Location
- 67-69 London Road Preston, Lancashire, PR1 4BA England
- Coordinates: 53°45′32″N 2°41′06″W﻿ / ﻿53.759°N 2.685°W

Information
- Type: Maths school
- Executive Principal: Nick Burnham
- Head of School: Peter Tiltman
- Gender: Mixed
- Age: 16 to 19
- Website: http://www.lusom.ac.uk/

= Lancaster University School of Mathematics =

Lancaster University School of Mathematics, also known as LUSoM, is a maths school located in Preston, Lancashire, England. As a maths school, it is a specialist mathematics free school sixth form college.

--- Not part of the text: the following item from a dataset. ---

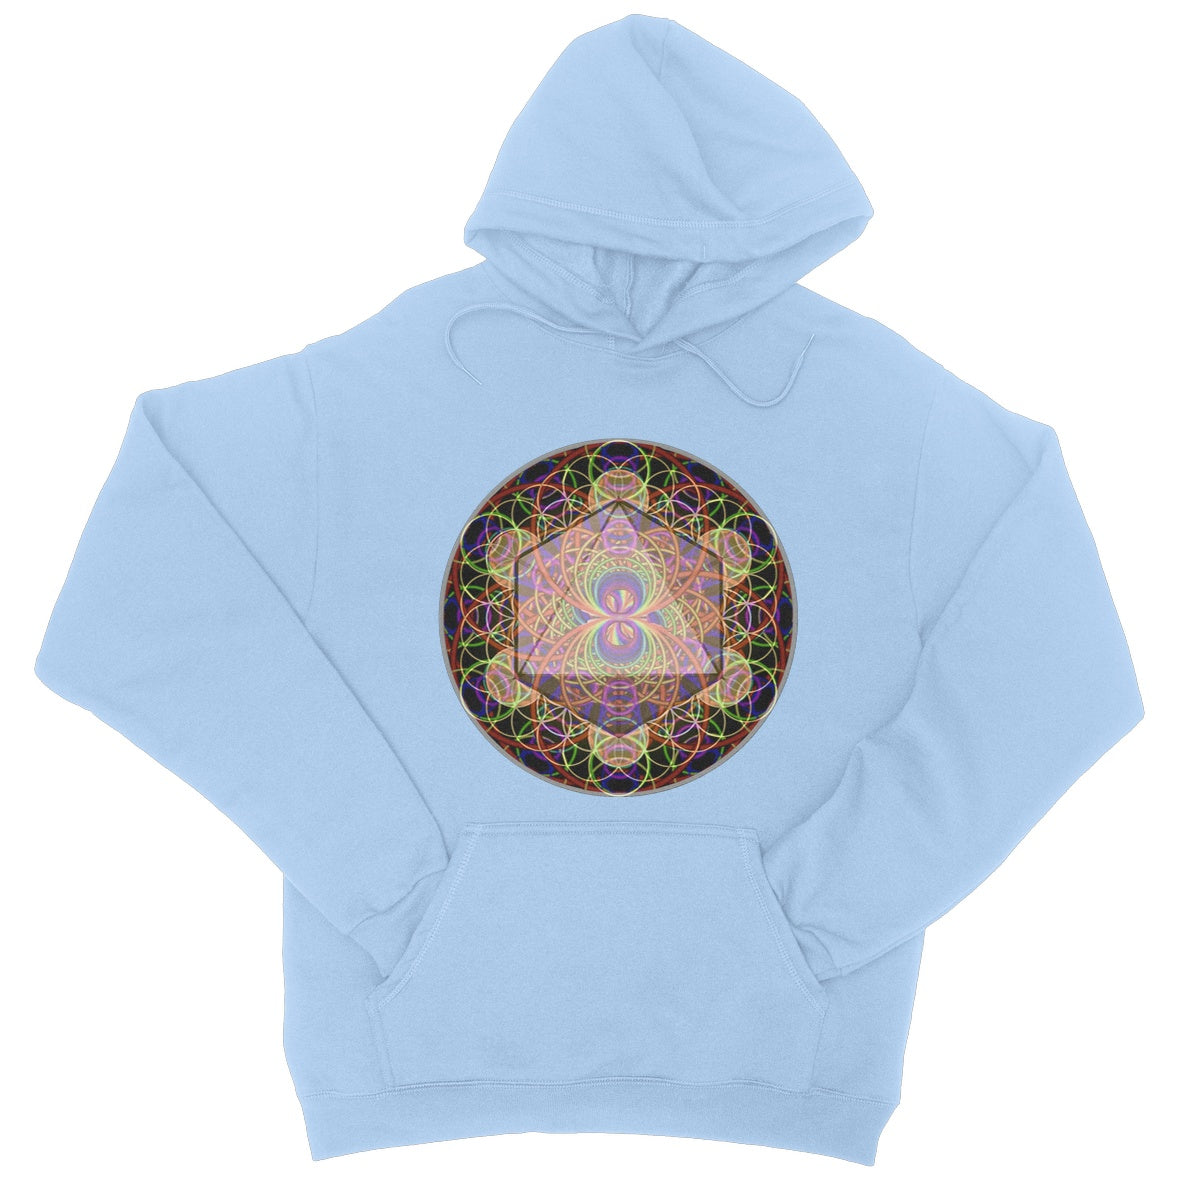 The Platonic Solid Octahedron College Hoodie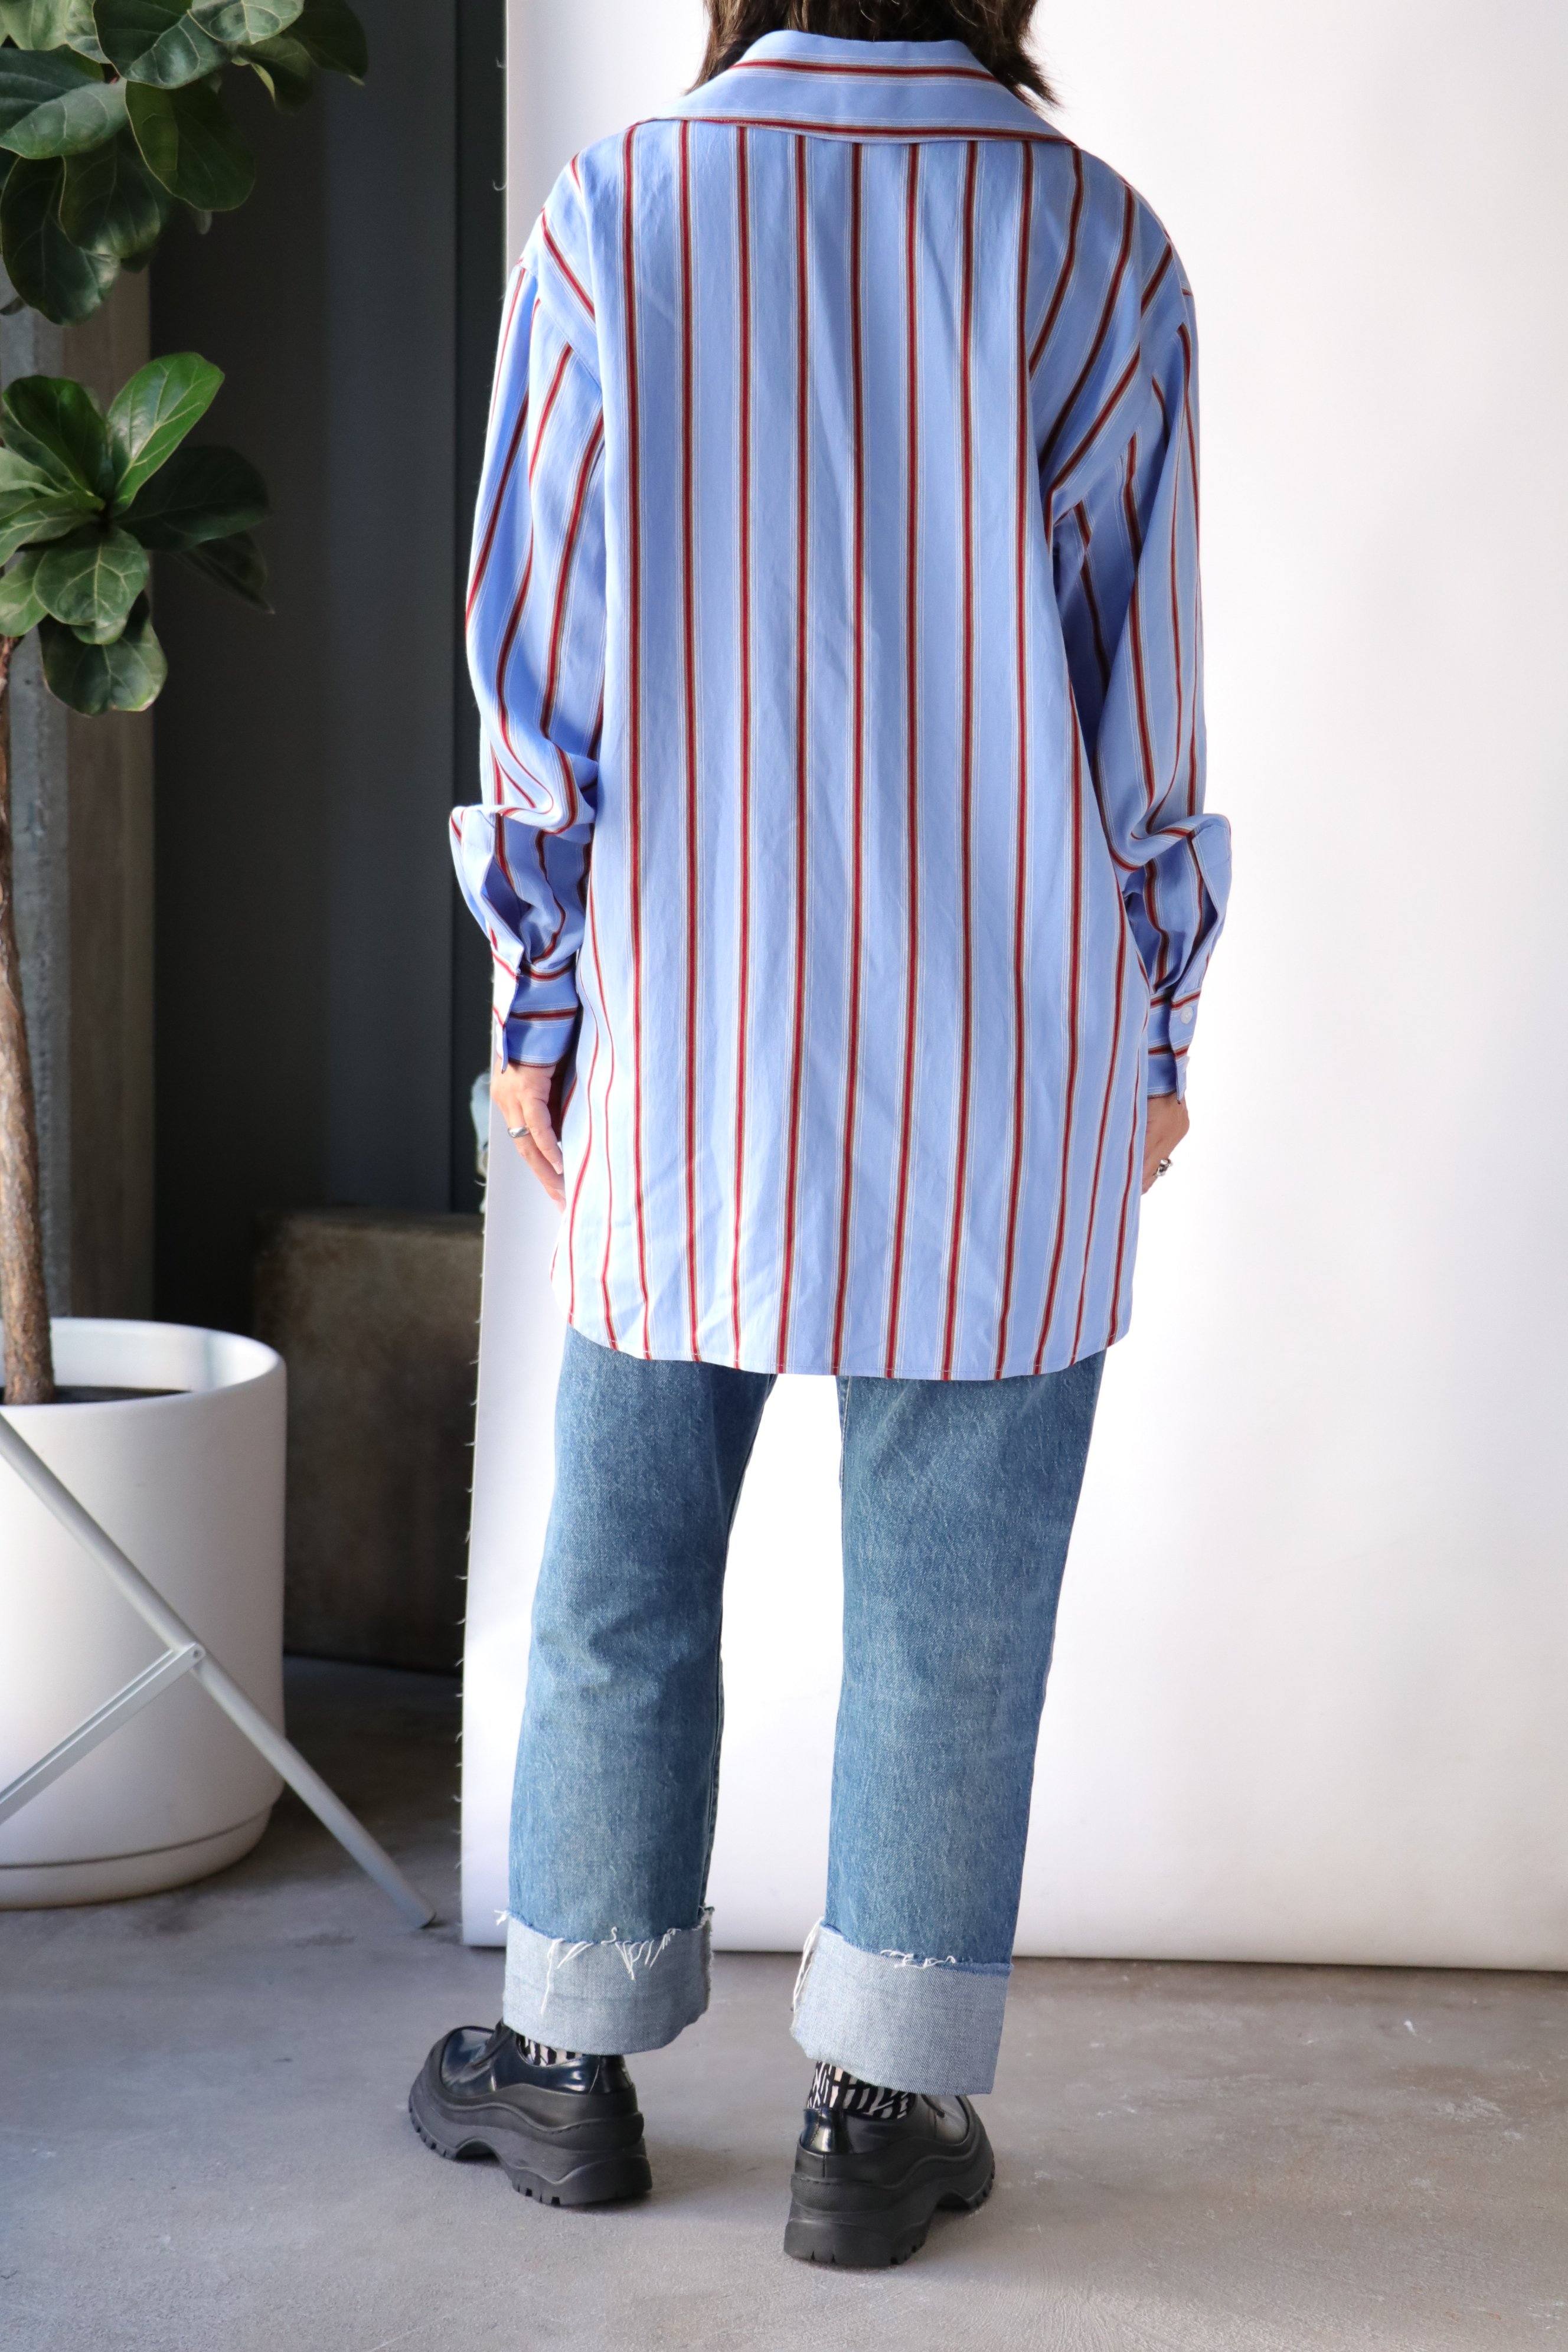 Smythe Over The Head Shirt in French Blue/Burgundy Stripe

The school was set up by the Rigby Education Trust, a single-academy trust set up in partnership between the Lancaster University and Cardinal Newman College for the purpose of opening and operating the school. It opened to students in September 2022 and is located in a £8.5 million school building on London Road, Preston, and is the first purpose-built specialist Maths School in the UK.

The school is highly selective, with prospective students expected to have GCSE mathematics qualification at grade 8 or 9 and required to sit an admissions assessment. The course structure at LUSoM requires all students to study A-level Mathematics and Further Mathematics and a third A-level from either Physics, Chemistry or Computer Science. In addition, students may select a fourth subject from those three, or choose any other A-level subject to be taught at Cardinal Newman College, which is located less than half a mile from the school site.